Bank of England offers more support to pension funds amid crisis

LONDON—The Bank of England extended its support to pension funds in the heart of UK bond market crisis although borrowing costs rose higher, a sign that stress in the financial system was not going away.

Bank of Great Britain said on Monday that it would increase the daily amounts it was willing to buy in long-term bonds before the program ended as planned on Friday. It also revealed two types of loan facilities aimed at freeing up money for pension funds after the end of the bond buying.
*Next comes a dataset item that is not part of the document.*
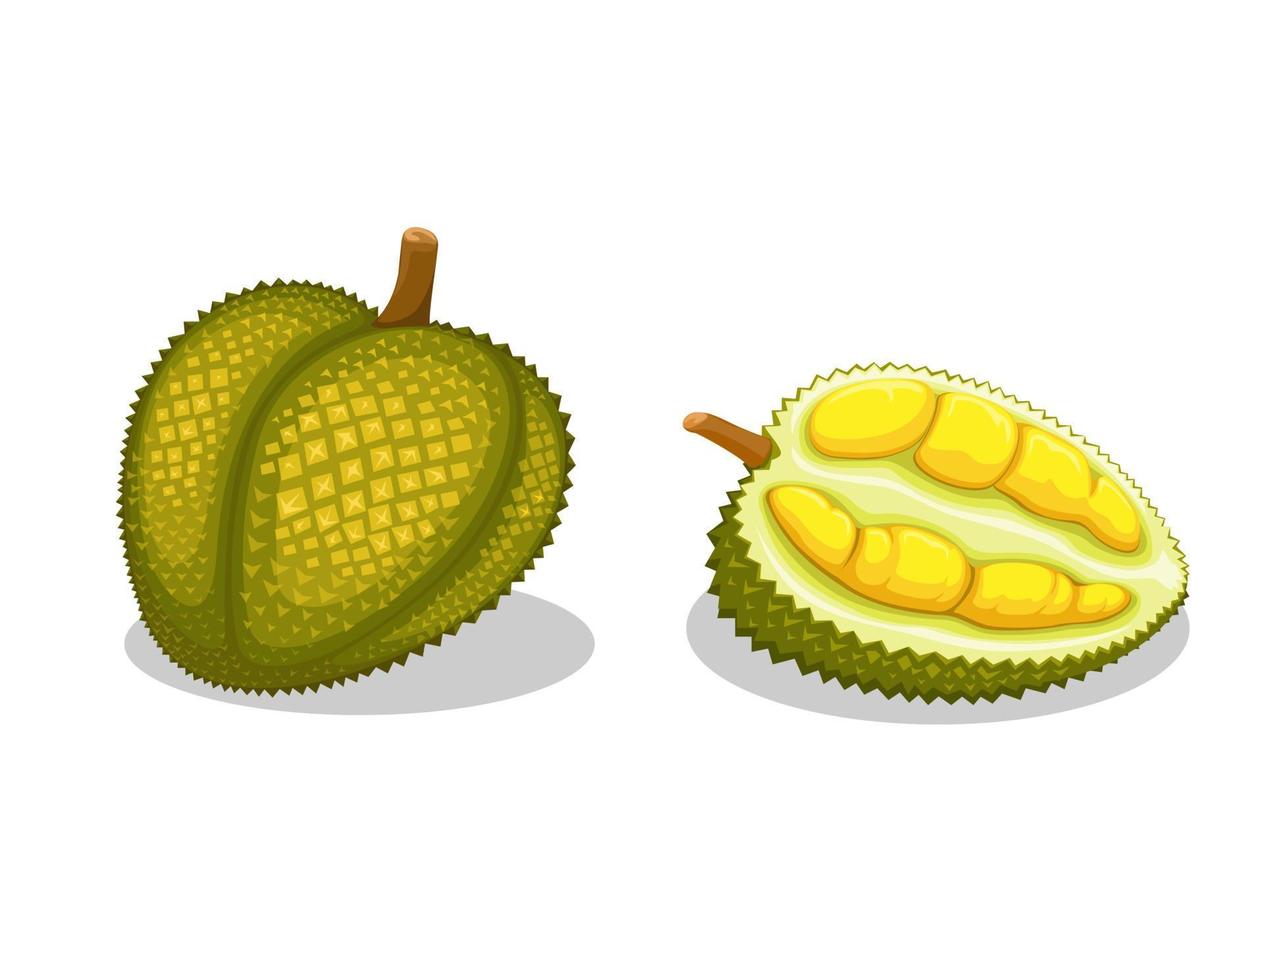 durian, também conhecido como rei da fruta, é uma fruta exótica do vetor de ilustração de conjunto de objetos asiáticos

The measures failed to calm the markets, with yields on 30-year UK gilts, as government bonds are known, jumped to as high as 4.64% from 4.39% on Friday. Outside of the past two weeks, such moves would be considered unusually large for a single day.

Bank of England launched its first foray into the markets on Sept. 28, when it offered to buy up to 5 billion pounds, or about $5.55 billion, a day of long-term government bonds. The program aimed to stem the damage from a furious sell-off in UK government debt over the previous days in the wake of a surprising package of tax breaks announced by the government.

“The underlying message is that there has been too little risk mitigation so far,” said Antoine Bouvet, senior rates strategist at ING. “There is a message to pension funds and potential sellers that the window is closing and they need to hurry.”

The turmoil in the UK bond market created a feedback loop that left investors such as pension funds short of cash and spilled over into other markets. WSJ’s Chelsey Dulaney explains the type of investment at the heart of the crisis. Illustration: Ryan Trefes

He attributed Monday’s bond sales to disappointment among investors who had expected the BOE to extend the bond-buying facility.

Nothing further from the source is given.